Requirement:
Output, exactly and in full, only the lines from the one containing "200 East 95th" to the last line of the data. Pictures should not appear.
^^^^
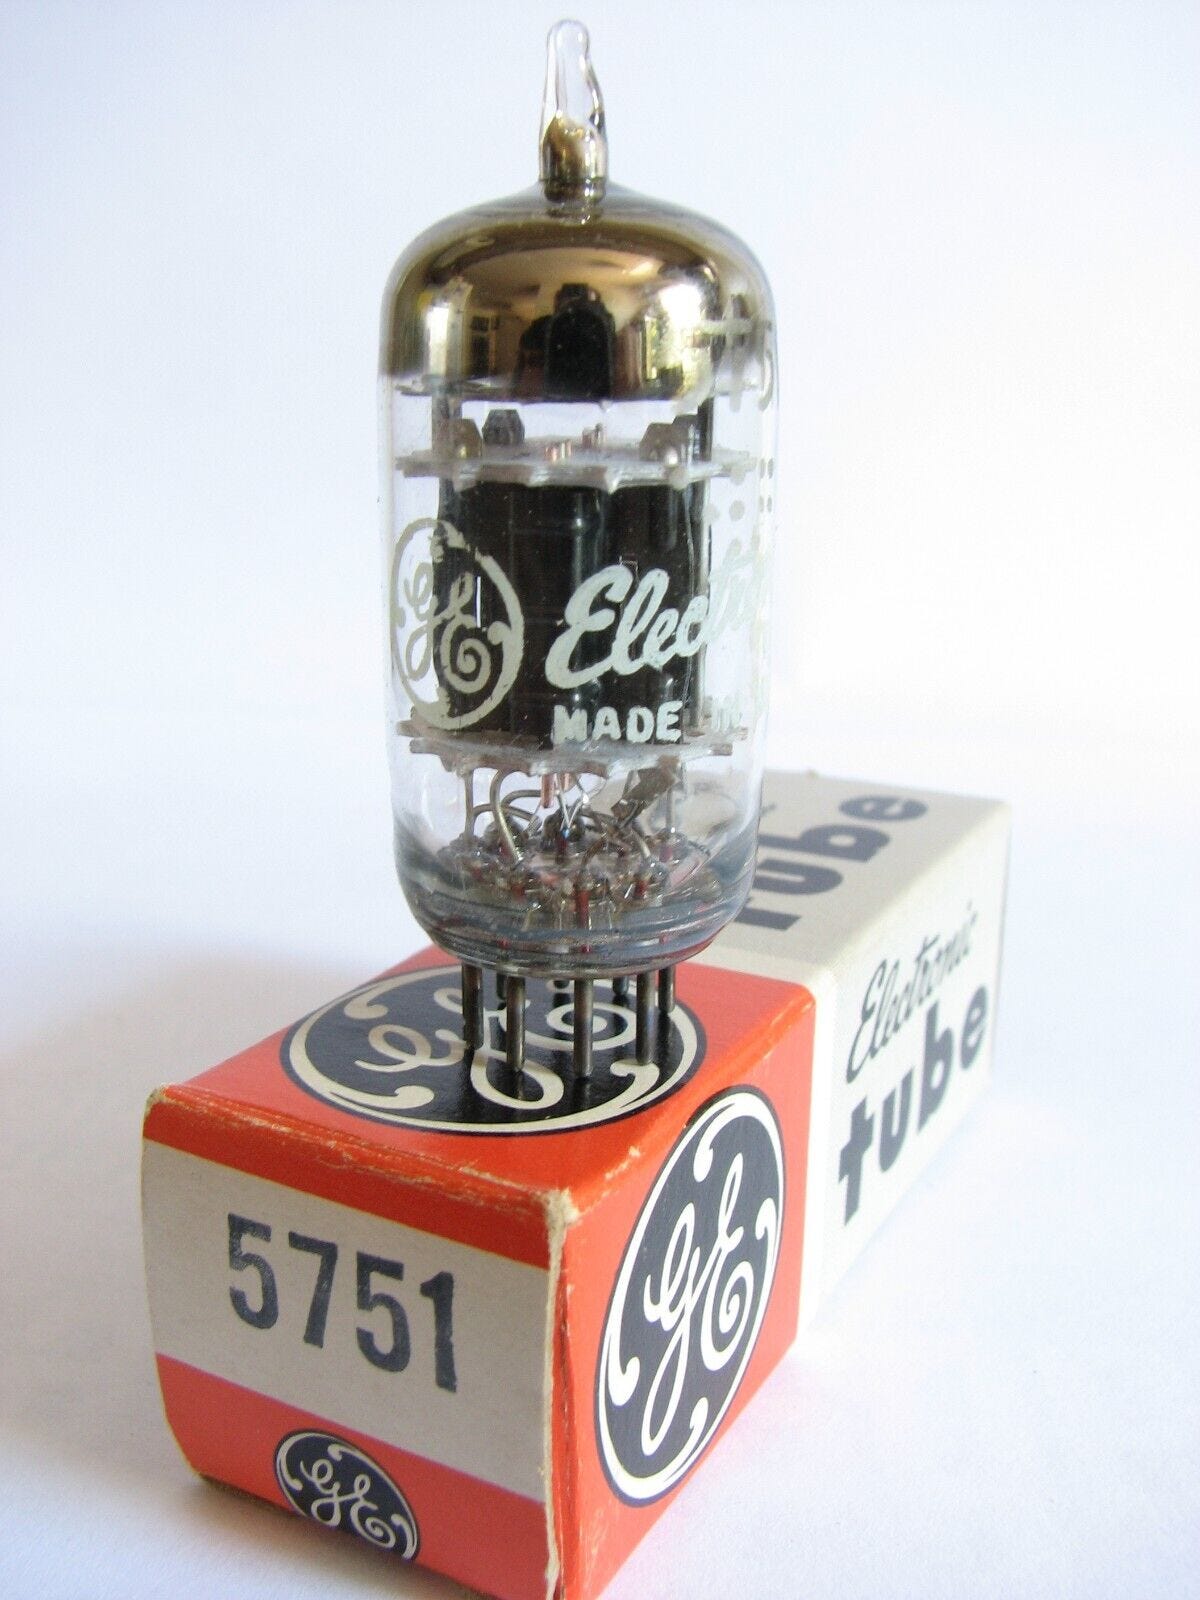 1950s GE 5751 Black Plates, 3-Mica Tube - Hickok TV7B tests @ 46/47, min: 32/32 - Picture 1 of 4
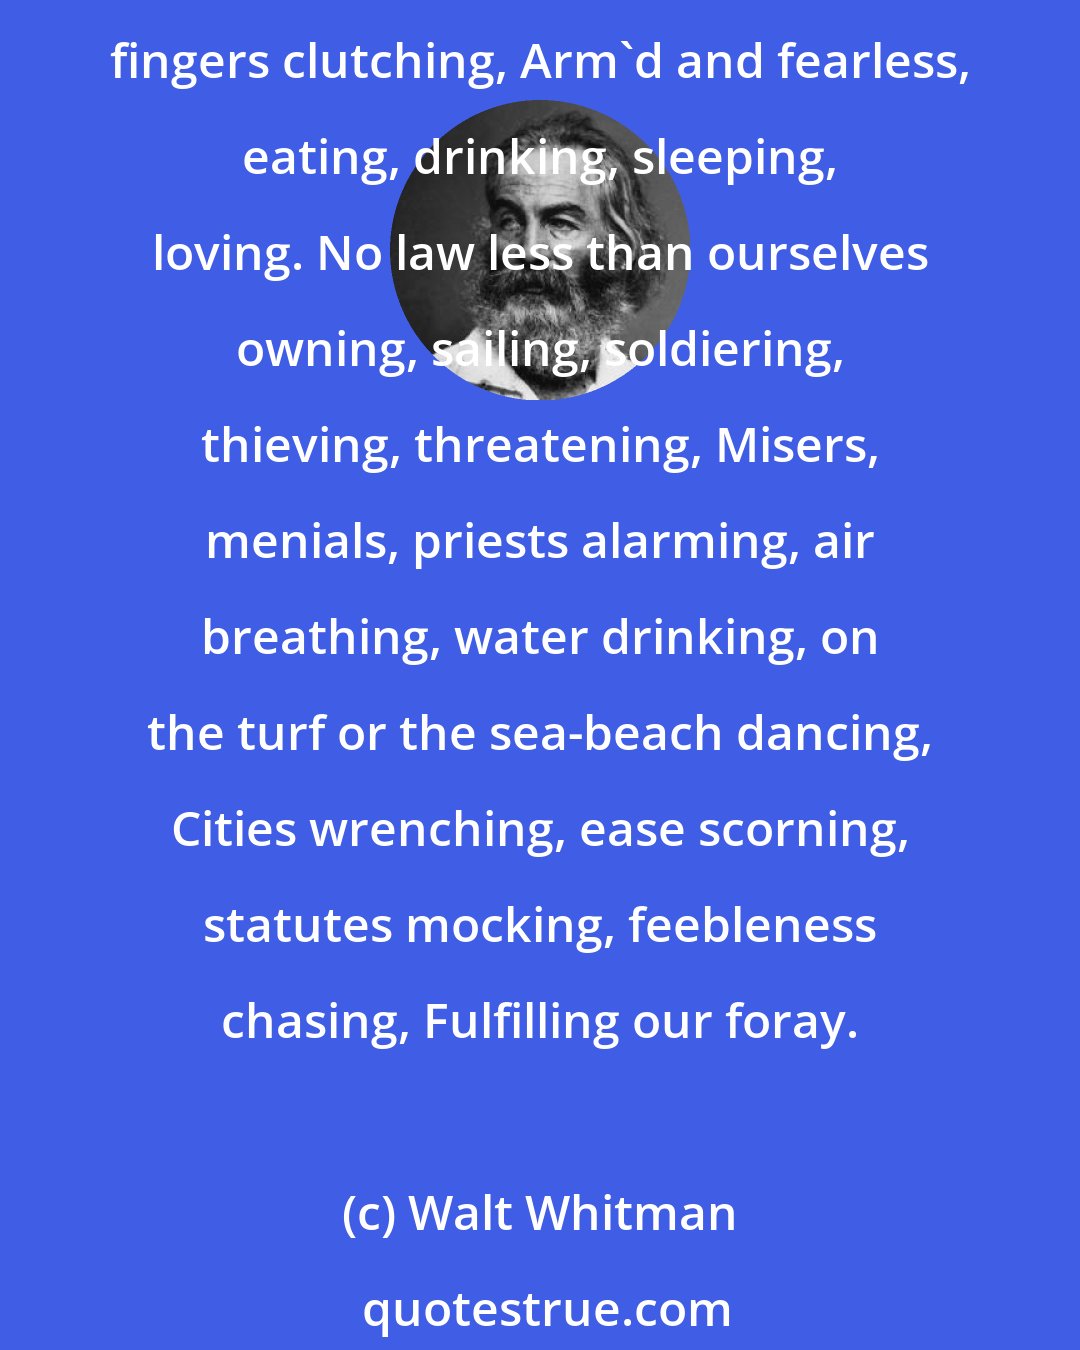 Walt Whitman: WE two boys together clinging, One the other never leaving, Up and down the roads going, North and South excursions making, Power enjoying, elbows stretching, fingers clutching, Arm'd and fearless, eating, drinking, sleeping, loving. No law less than ourselves owning, sailing, soldiering, thieving, threatening, Misers, menials, priests alarming, air breathing, water drinking, on the turf or the sea-beach dancing, Cities wrenching, ease scorning, statutes mocking, feebleness chasing, Fulfilling our foray.
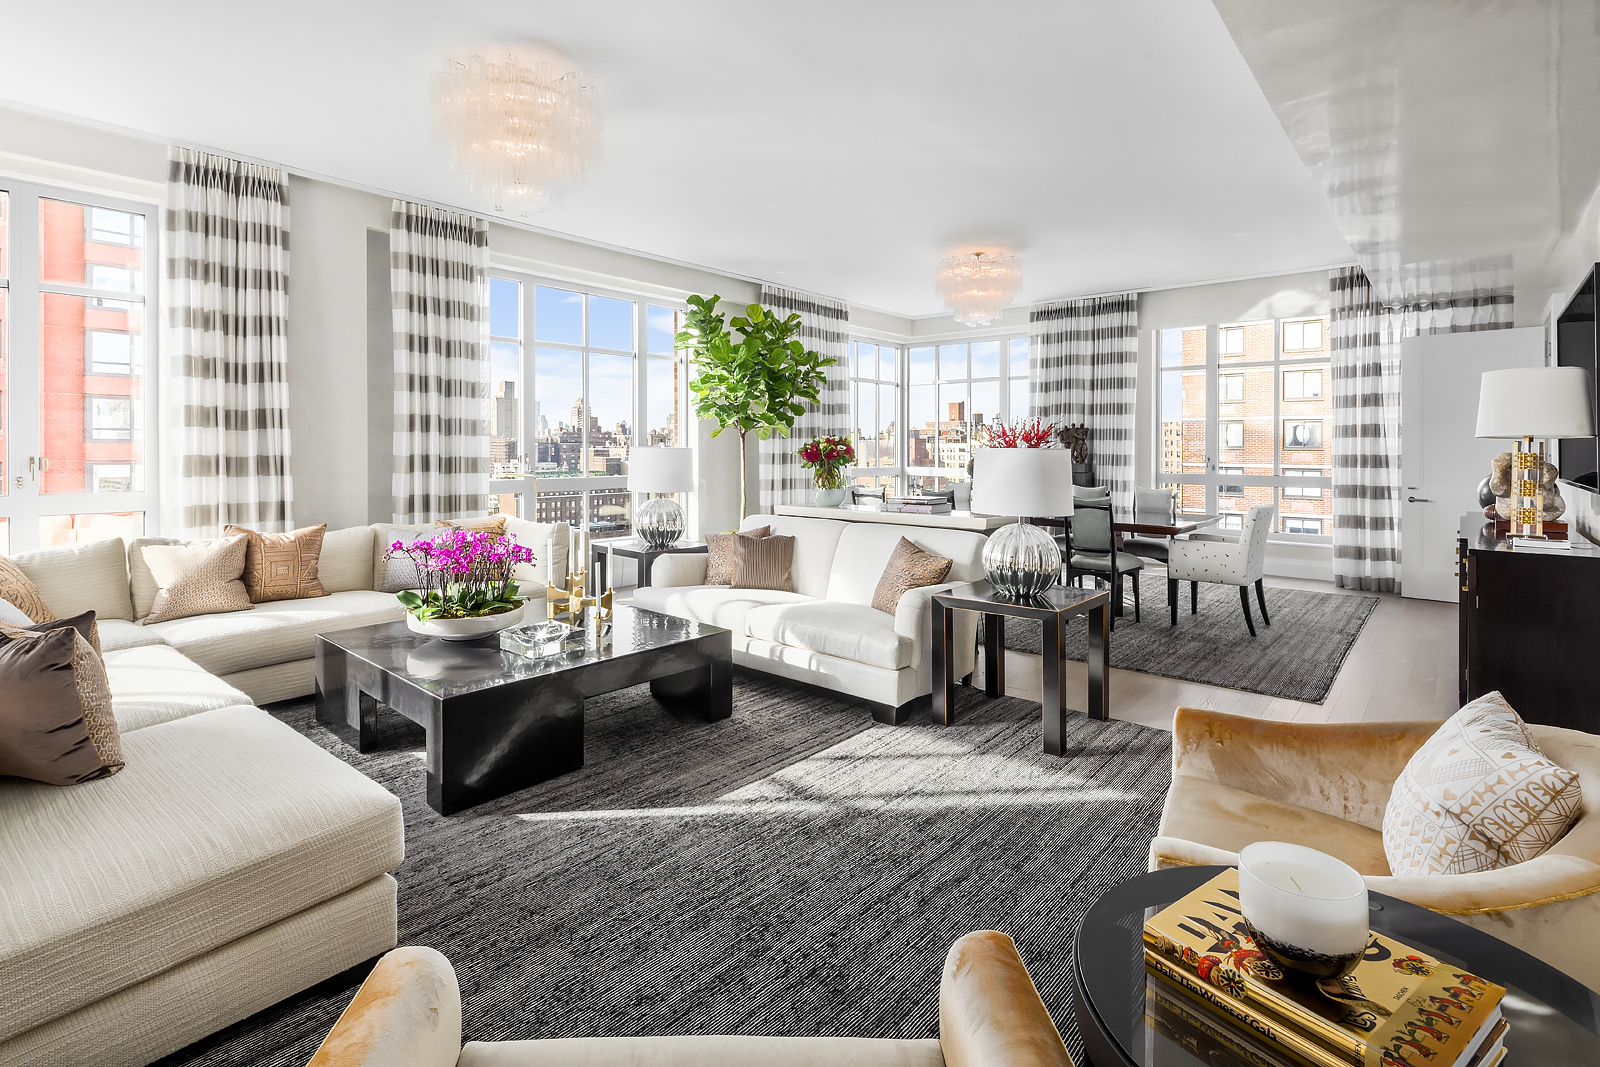 200 East 95th Street 19A, Yorkville, Upper East Side, NYC - 5 Bedrooms  
4.5 Bathrooms  
8 Rooms -
^^^^
Exercise solution:
 200 East 95th Street 19A, Yorkville, Upper East Side, NYC - 5 Bedrooms  
4.5 Bathrooms  
8 Rooms -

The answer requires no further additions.